Reproduce everything from the line that contains "Classic Collection Pink" down to the line that contains "Amazing hand creation" in the listing below, word for word and nothing more. Leave the pictures out.

**Extracted entries:**
..............................
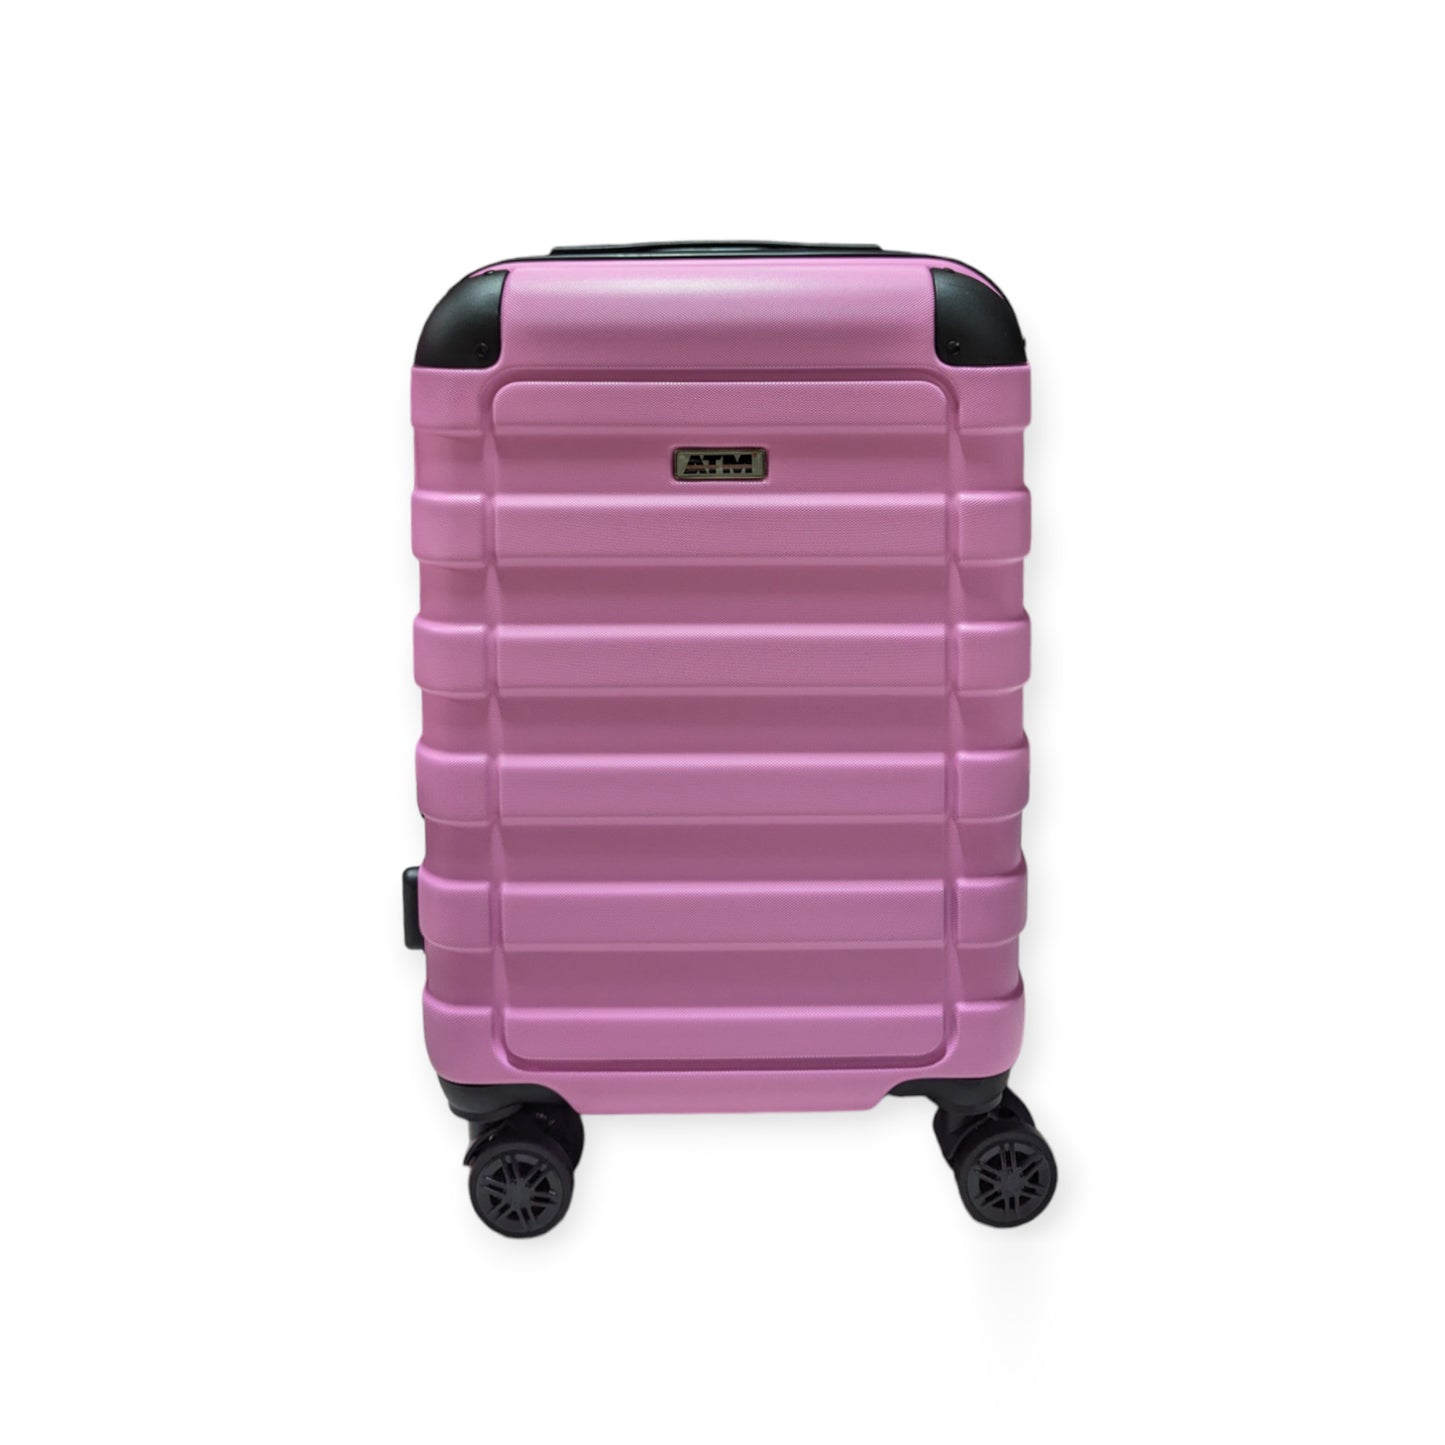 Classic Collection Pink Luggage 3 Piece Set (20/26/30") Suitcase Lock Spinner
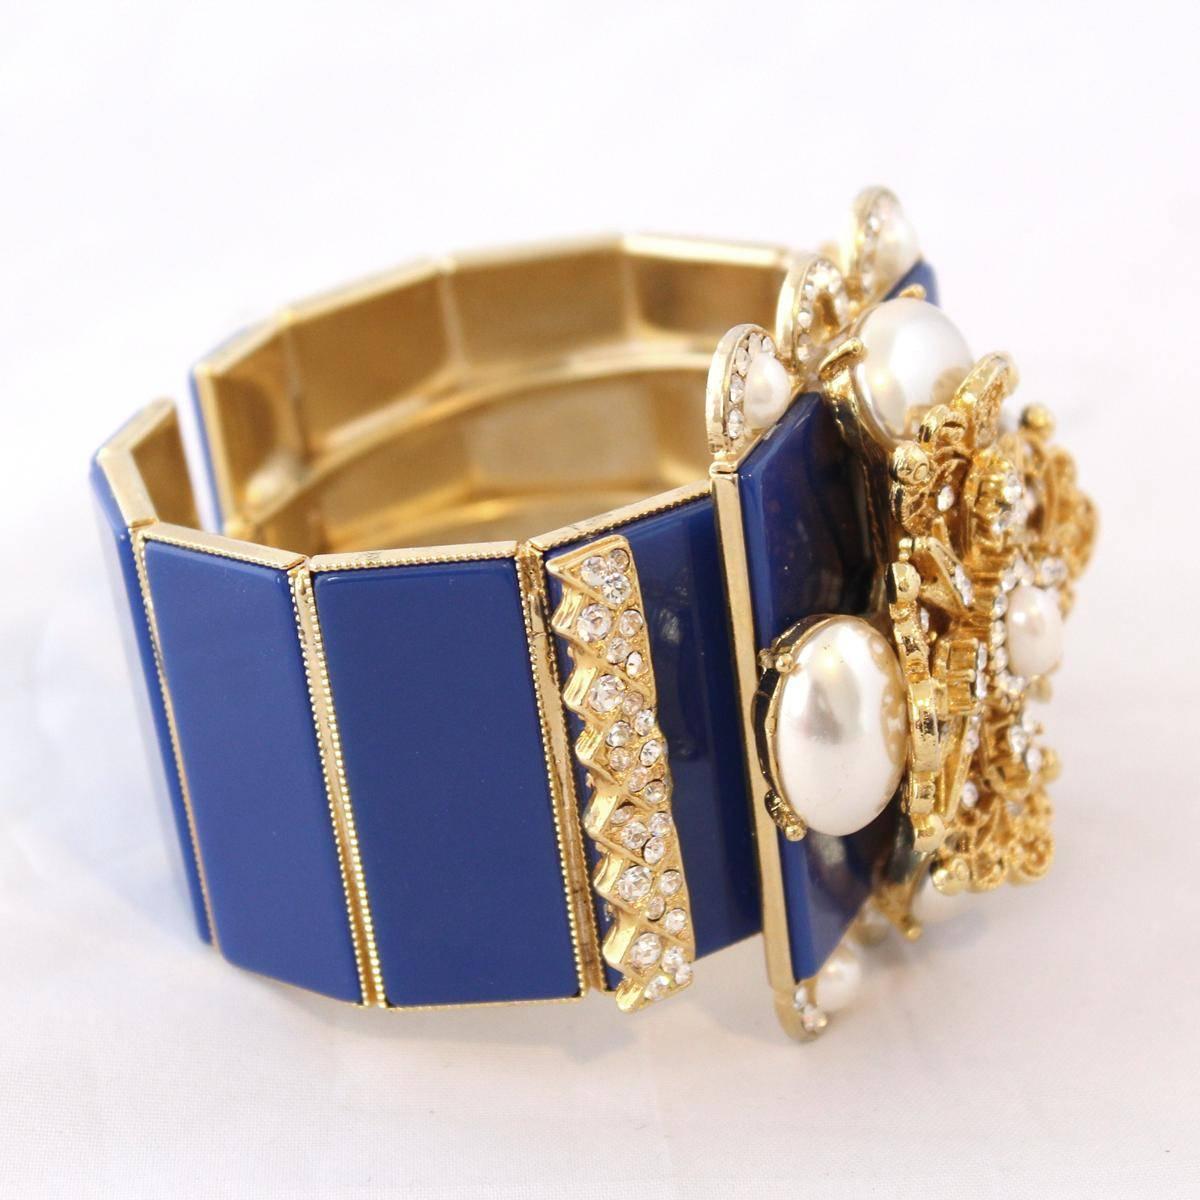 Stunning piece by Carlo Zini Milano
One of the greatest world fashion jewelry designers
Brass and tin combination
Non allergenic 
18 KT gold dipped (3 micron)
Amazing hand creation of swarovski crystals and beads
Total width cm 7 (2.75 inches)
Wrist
..............................
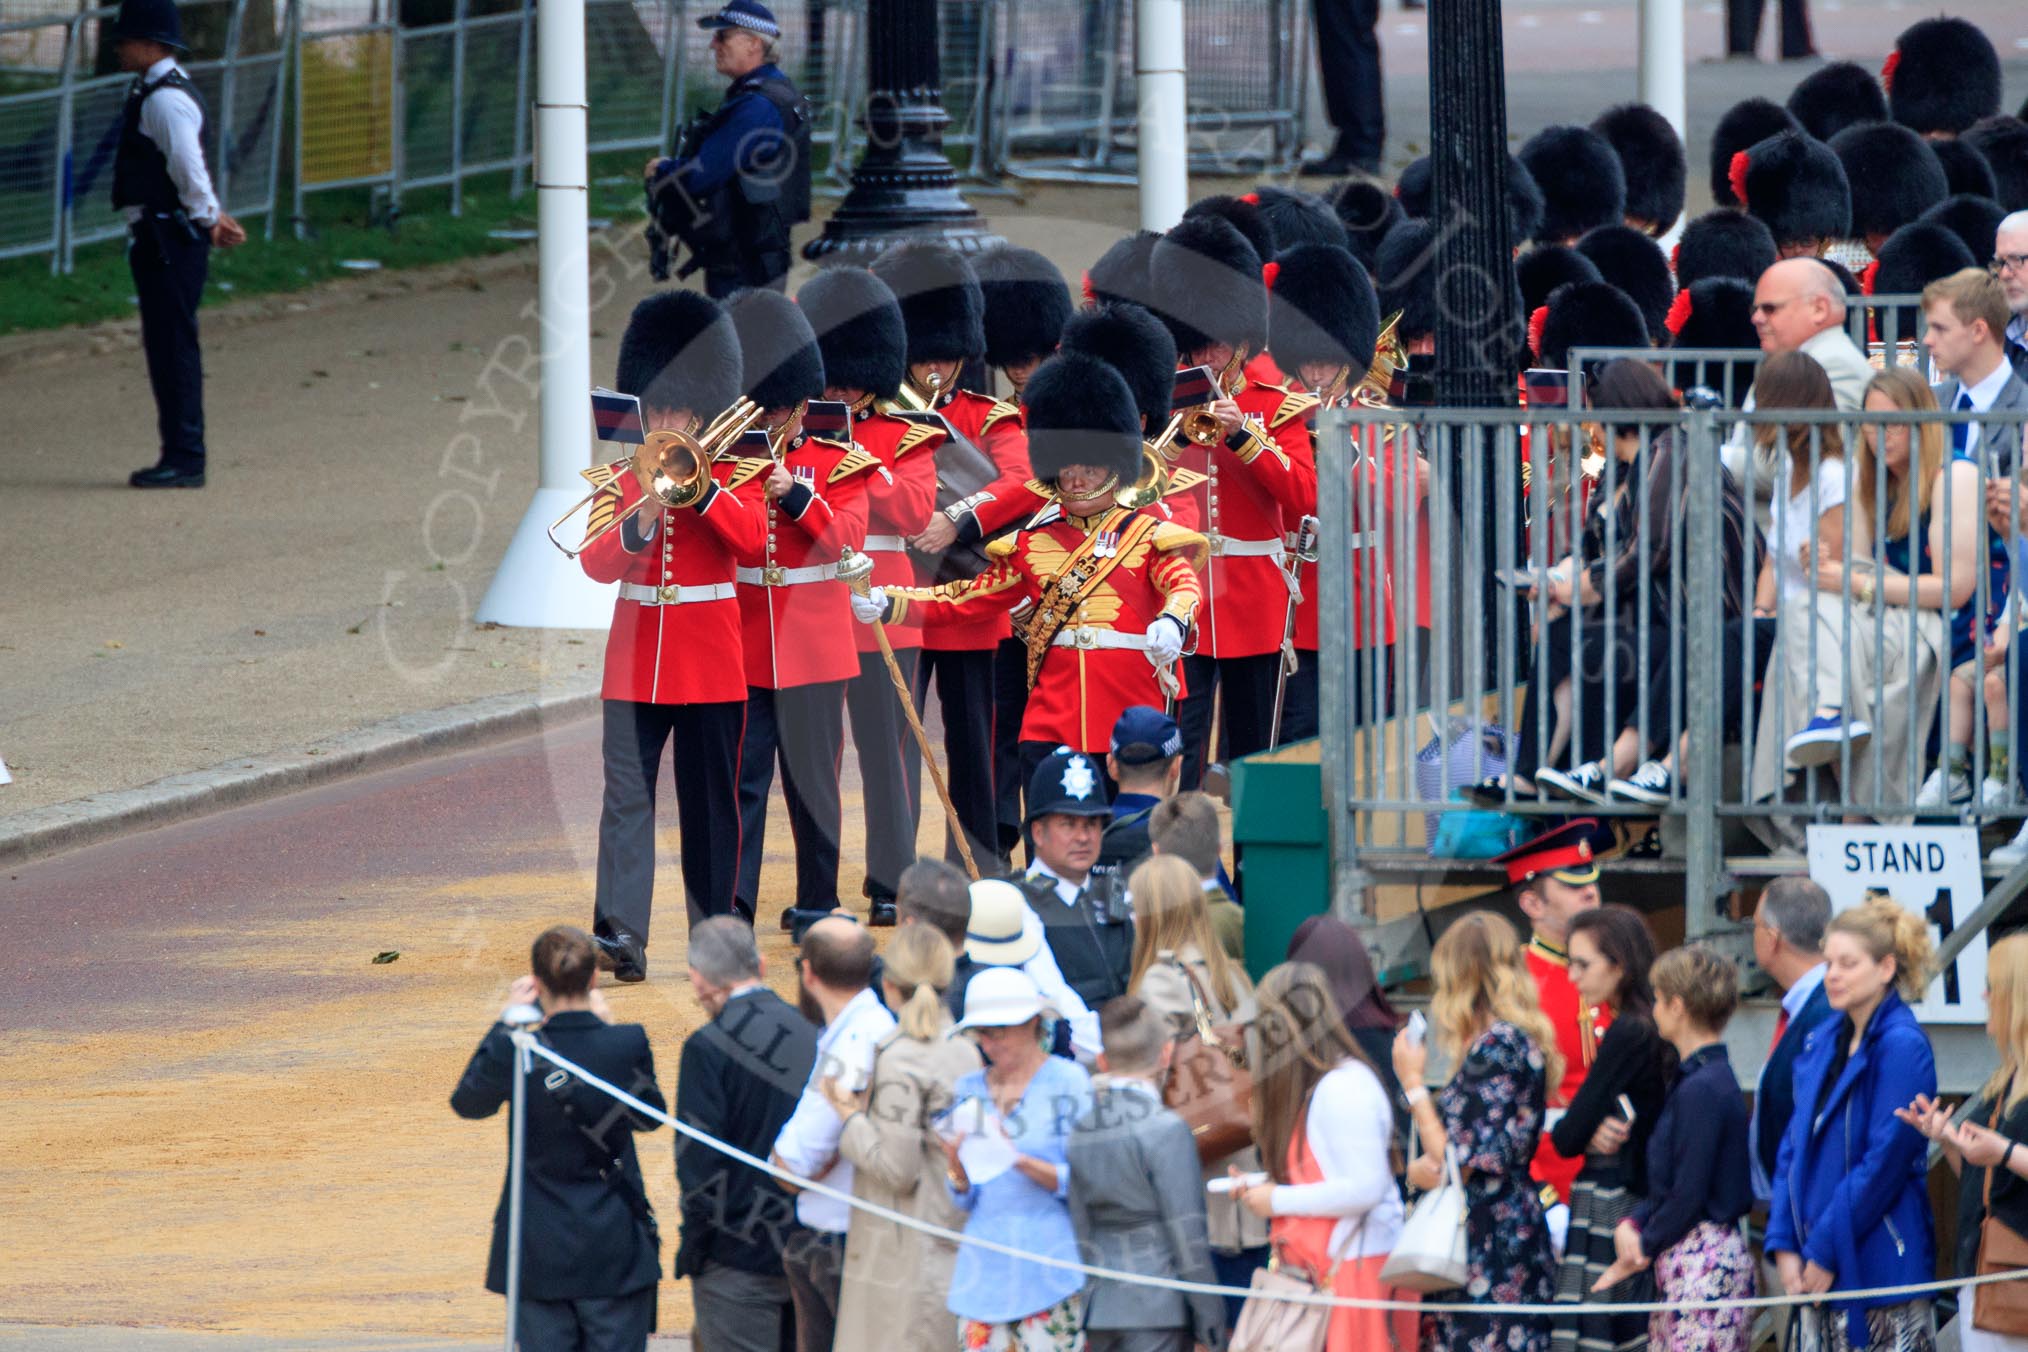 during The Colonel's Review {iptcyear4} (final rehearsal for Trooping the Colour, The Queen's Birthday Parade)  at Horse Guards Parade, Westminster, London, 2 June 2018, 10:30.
..............................
**Completed task:**
 Classic Collection Pink Luggage 3 Piece Set (20/26/30") Suitcase Lock Spinner
 Stunning piece by Carlo Zini Milano
One of the greatest world fashion jewelry designers
Brass and tin combination
Non allergenic 
18 KT gold dipped (3 micron)
Amazing hand creation of swarovski crystals and beads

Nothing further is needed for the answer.